-- Record excerpts follows --

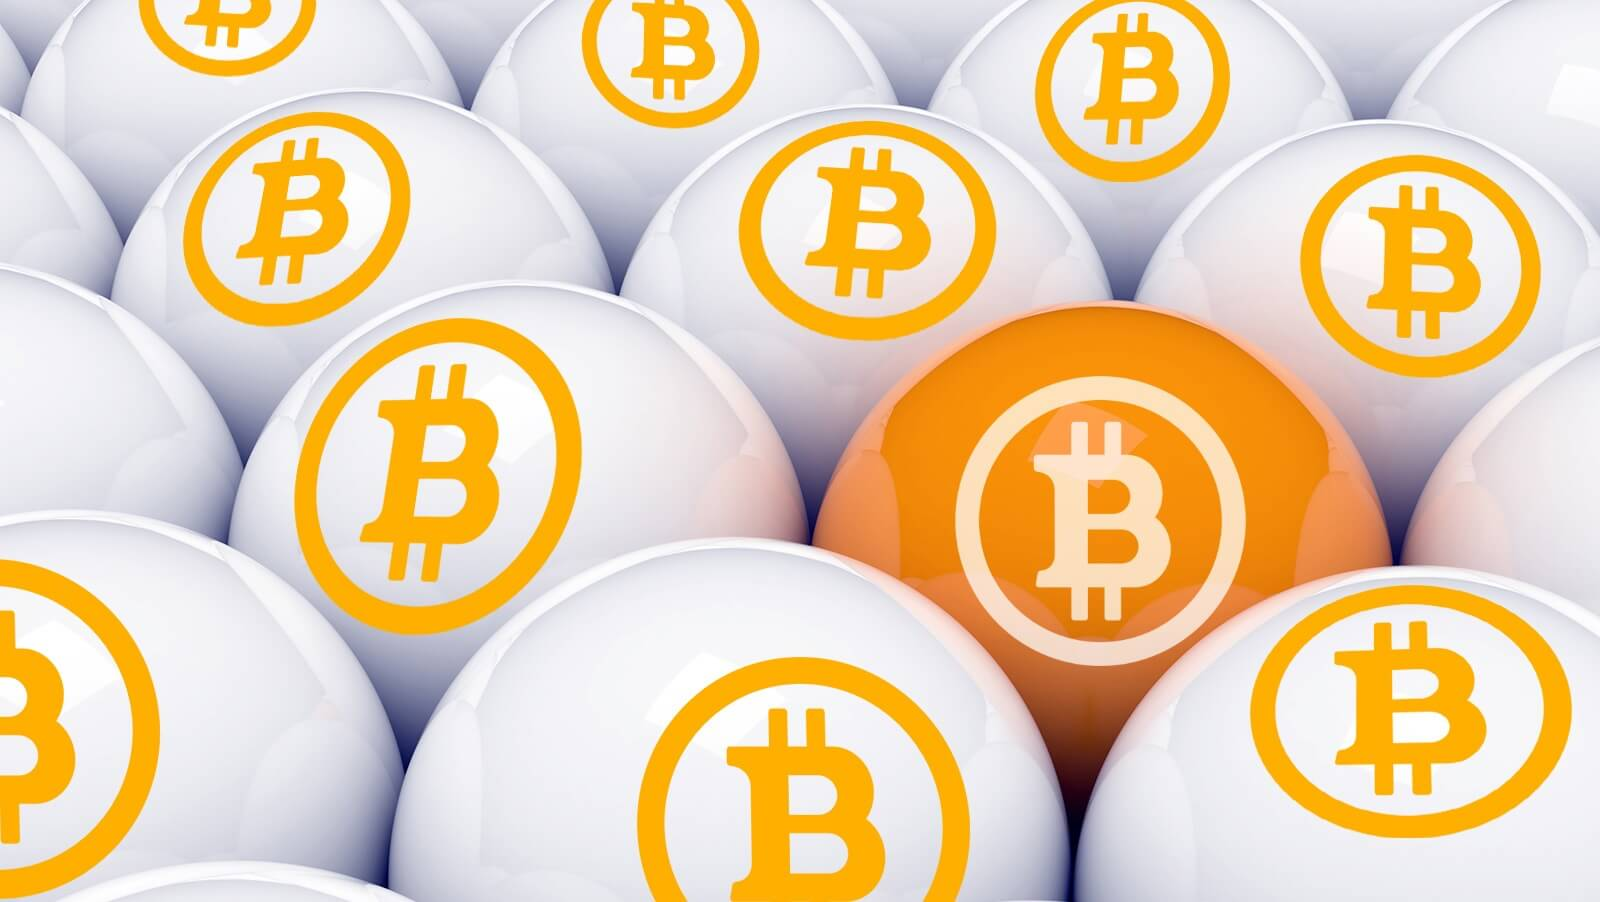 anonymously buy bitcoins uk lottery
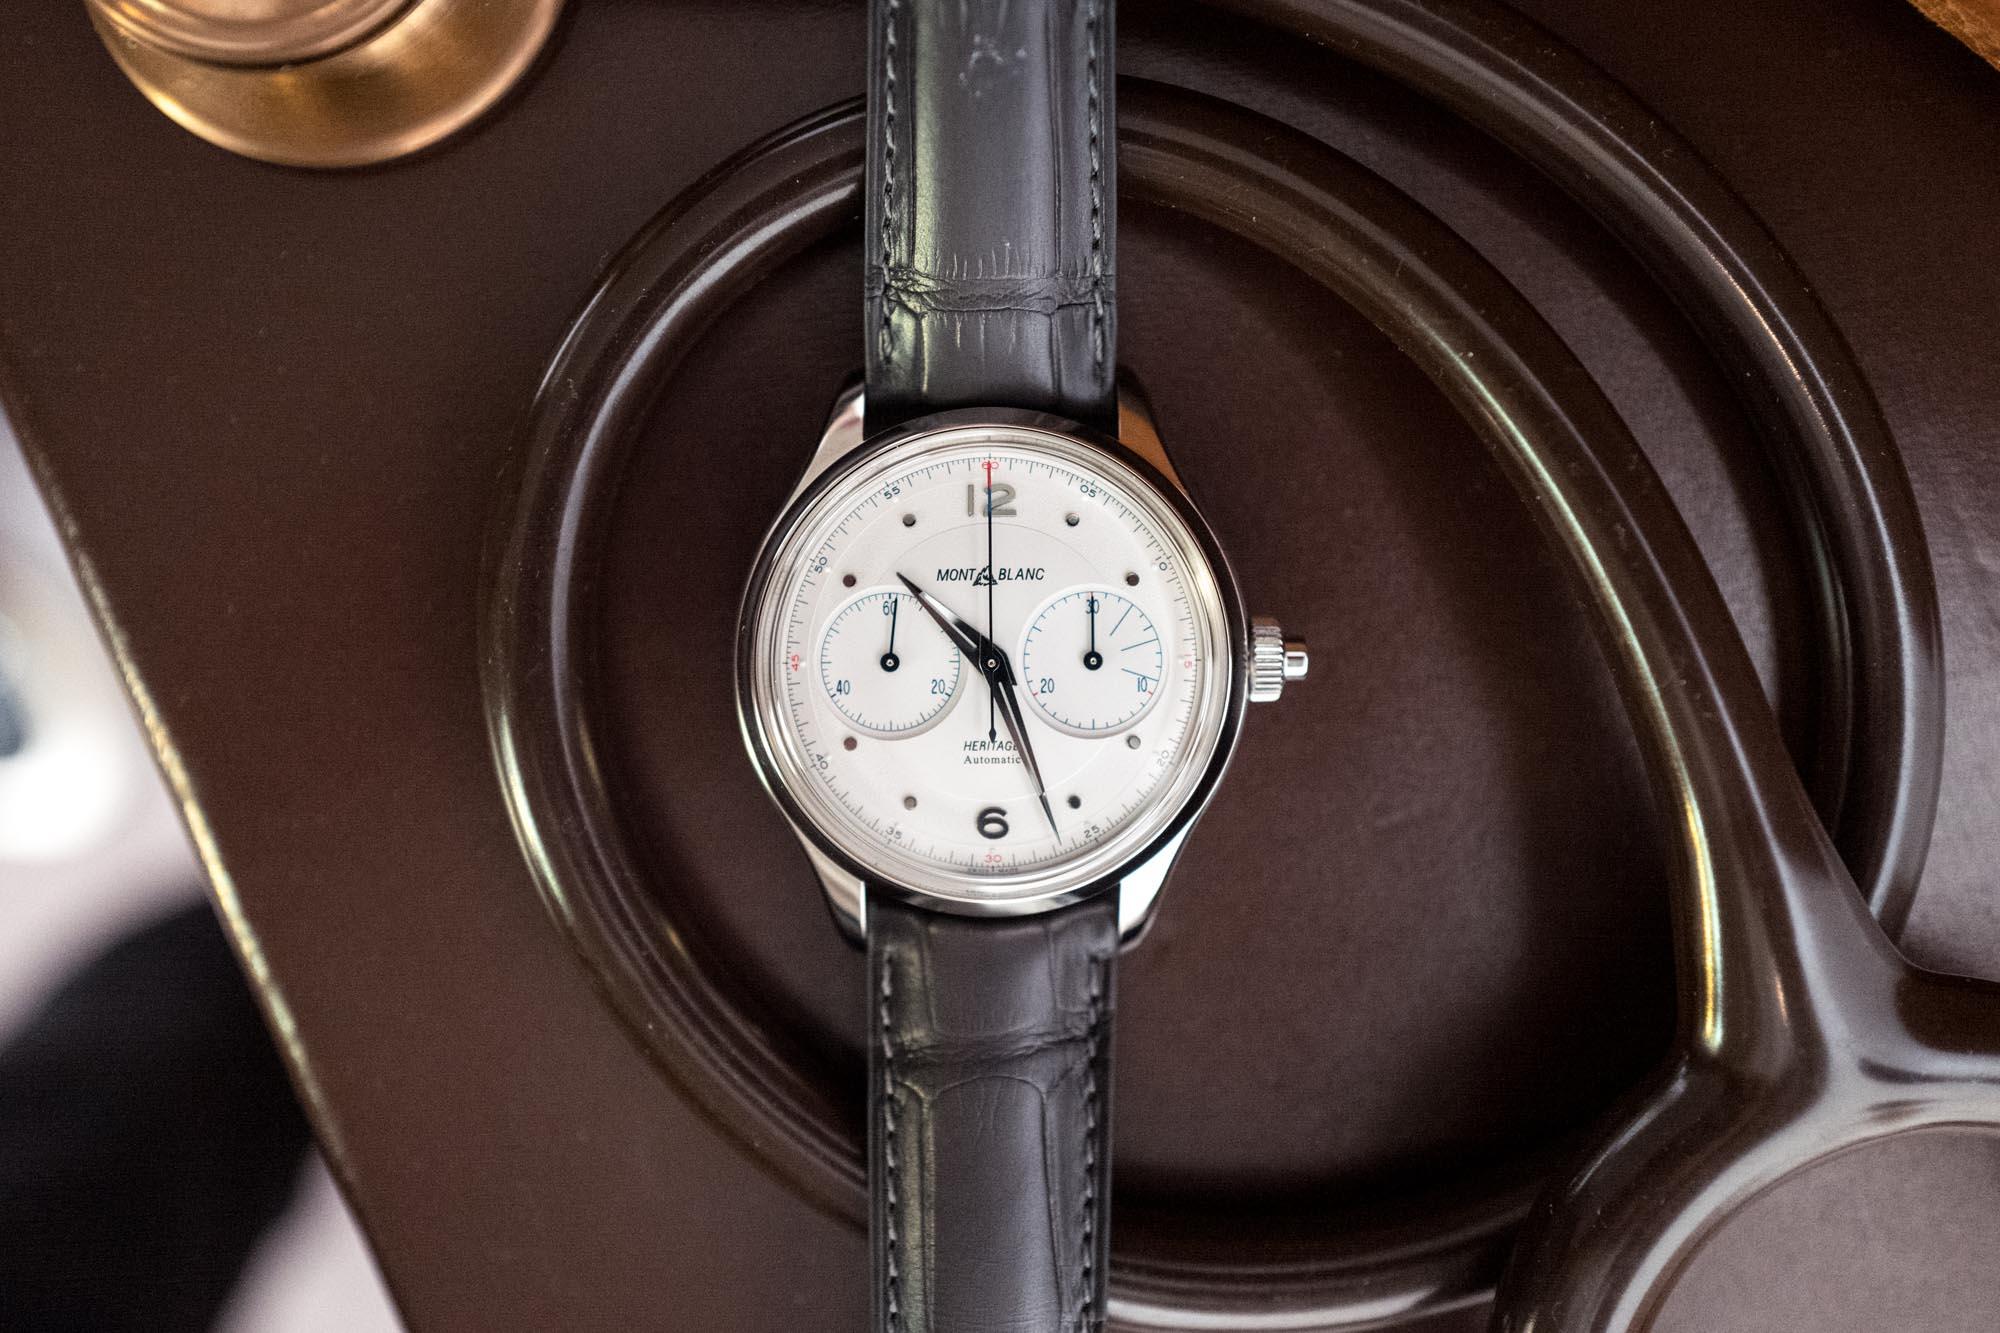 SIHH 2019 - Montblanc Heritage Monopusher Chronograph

-- Record excerpts concluded --
-- Record excerpts follows --

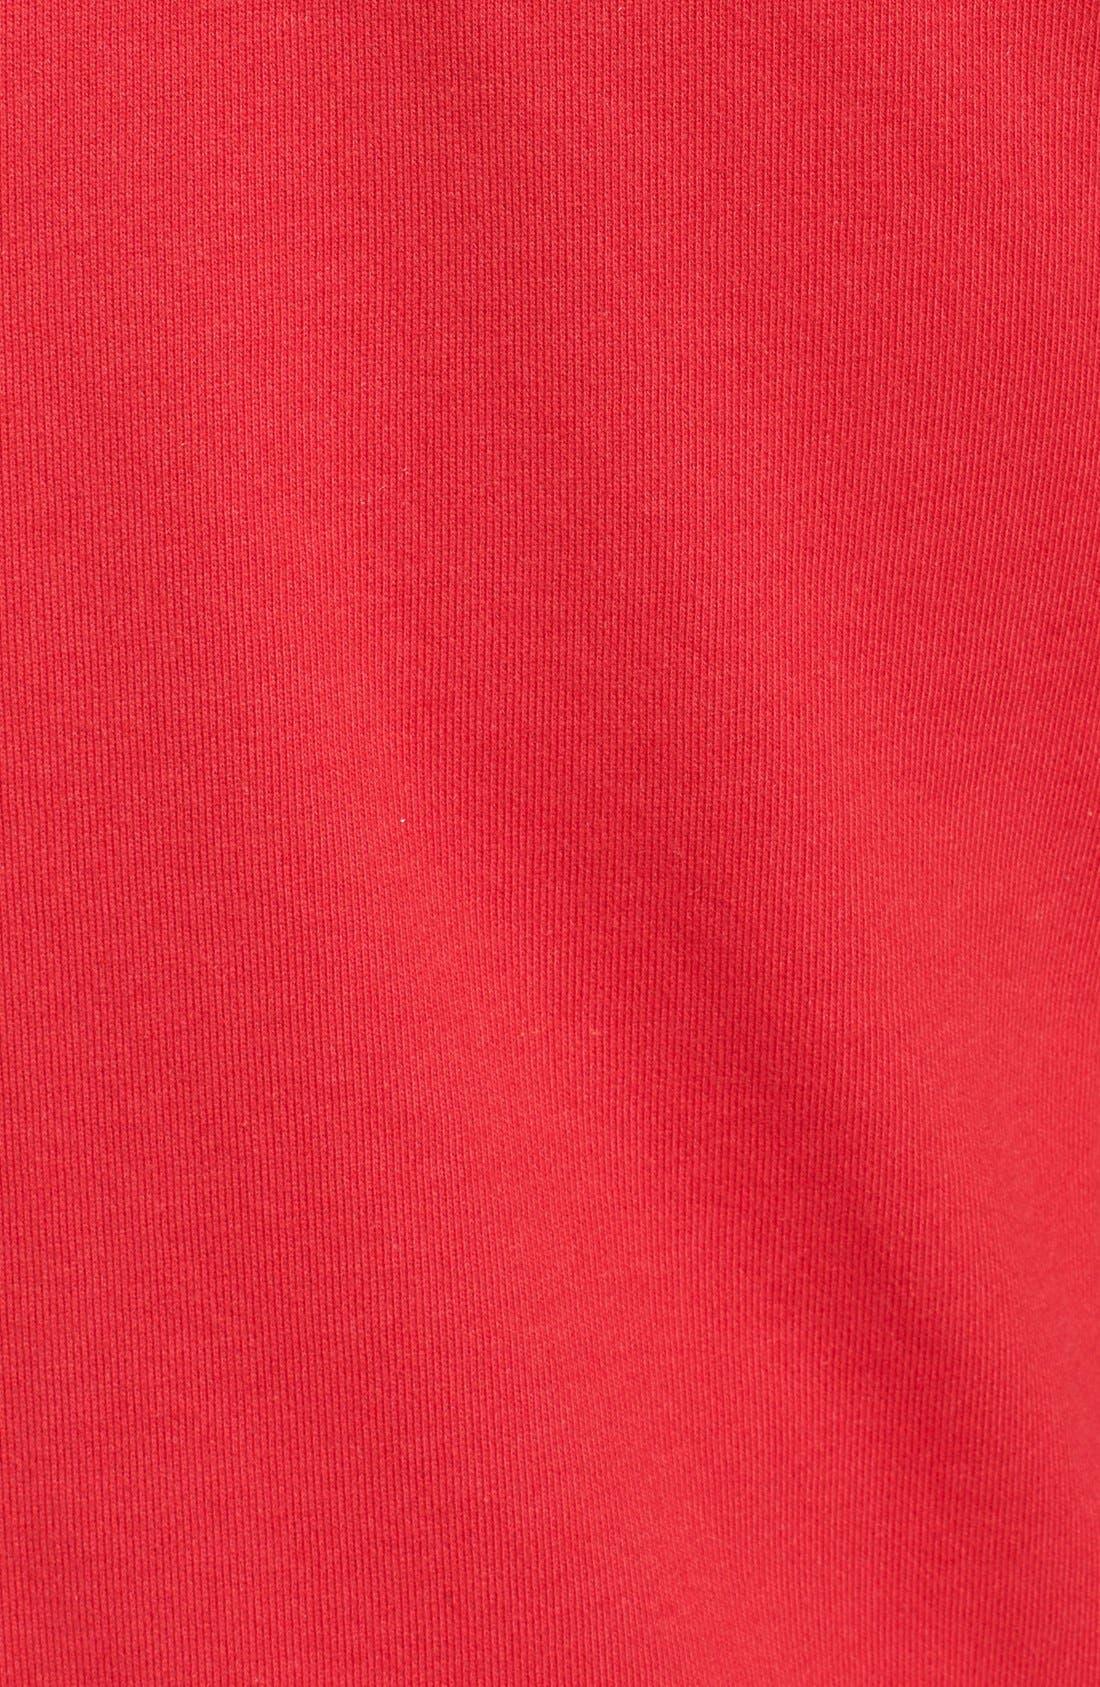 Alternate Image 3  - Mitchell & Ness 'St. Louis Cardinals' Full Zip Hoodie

-- Record excerpts concluded --

Your goal:
Could you transcribe exactly the entries above, but only the lines from the one with "anonymously buy bitcoins uk lottery" through the one with "SIHH 2019 - Montblanc", and without pictures?

Solution for this task:
 anonymously buy bitcoins uk lottery
 SIHH 2019 - Montblanc Heritage Monopusher Chronograph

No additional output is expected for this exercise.